The Project Gutenberg eBook of In Various Moods: Poems and Verses
Title: In Various Moods: Poems and Verses
Author: Irving Bacheller
Release date: June 30, 2016 [eBook #52457]
Most recently updated: October 23, 2024
Language: English
Credits: Produced by David Widger from page images generously
provided by the Internet Archive
IN VARIOUS MOODS
Poems And Verses
By Irving Bacheller
Harper & Brothers Publishers New York And London
MCMX
CONTENTS
BALLAD OF THE SABRE CROSS AND 7
IN VARIOUS MOODS
THE SOWERS
Written for the Fiftieth Anniversary of the Founding of St. Lawrence
University
I know the hills that lift the distant plain,
The college hall—the spirit of its throngs,
The meadows and the waving fields of grain,
Full well I know their colors and their songs.
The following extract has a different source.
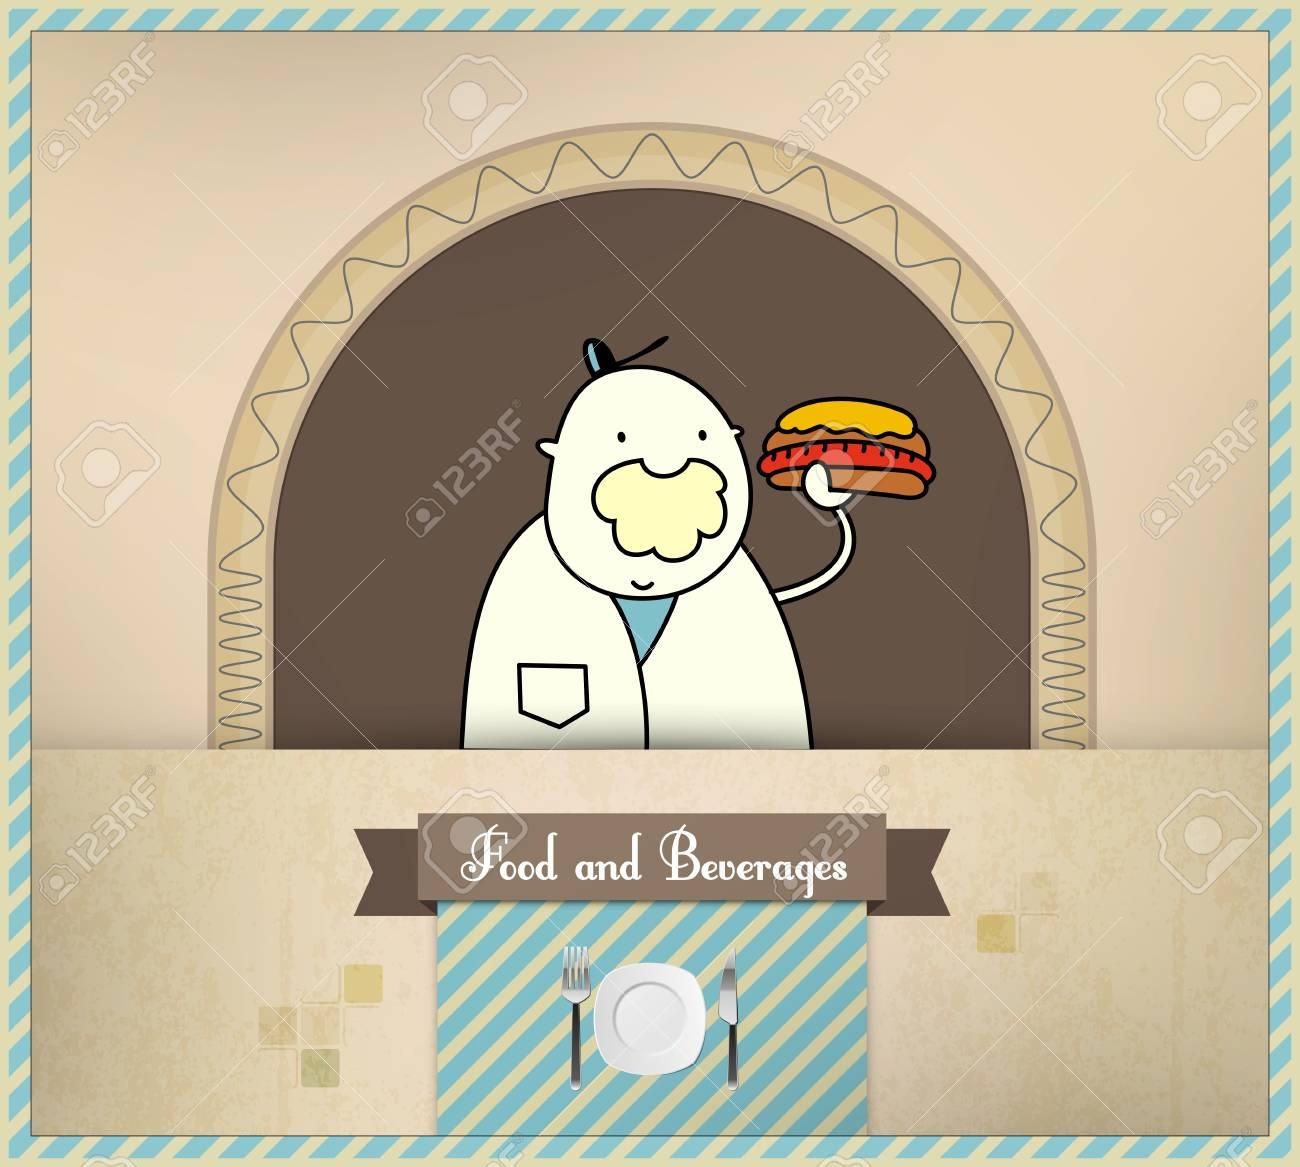 Salesman Serving Fresh Hot Dog. Food and Beverages Series. Stock Vector - 14172090

I know the storied gates where love was told,
The grove where walked the muses and the seers,
The river, dark or touched with light of gold,
Or slow, or swift so like the flowing years.
I know not these who sadly sit them down
And while the night in half-forgotten days;
I know not these who wear the hoary crown
And find a pathos in the merry lays.
Here Memory, with old wisdom on her lips,
A finger points at each familiar name—
Some writ on water, stone or stranded ships,
Some in the music of the trump of fame.
Here oft, I think, beloved voices call
Behind a weathered door 'neath ancient trees.
I hear sad echoes in the empty hall,
The wide world's lyric in the harping breeze.
It sings of them I loved and left of old,
Of my fond hope to bring a worthy prize—
Some well-earned token, better far than gold,
And lay it humbly down before their eyes.
And tell them it were rightly theirs—not mine,
An harvest come of their own word and deed;
I strove with tares that threatened my design
To make the crop as noble as the seed.
So they might see it paid—that life they knew—
A toilsome web and knit of many a skein,
With love's sweet sacrifice all woven through,
And broken threads of hope and joy and pain.
On root-bound acres, pent with rocks and stones,
Their hope of wealth and leisure slowly died.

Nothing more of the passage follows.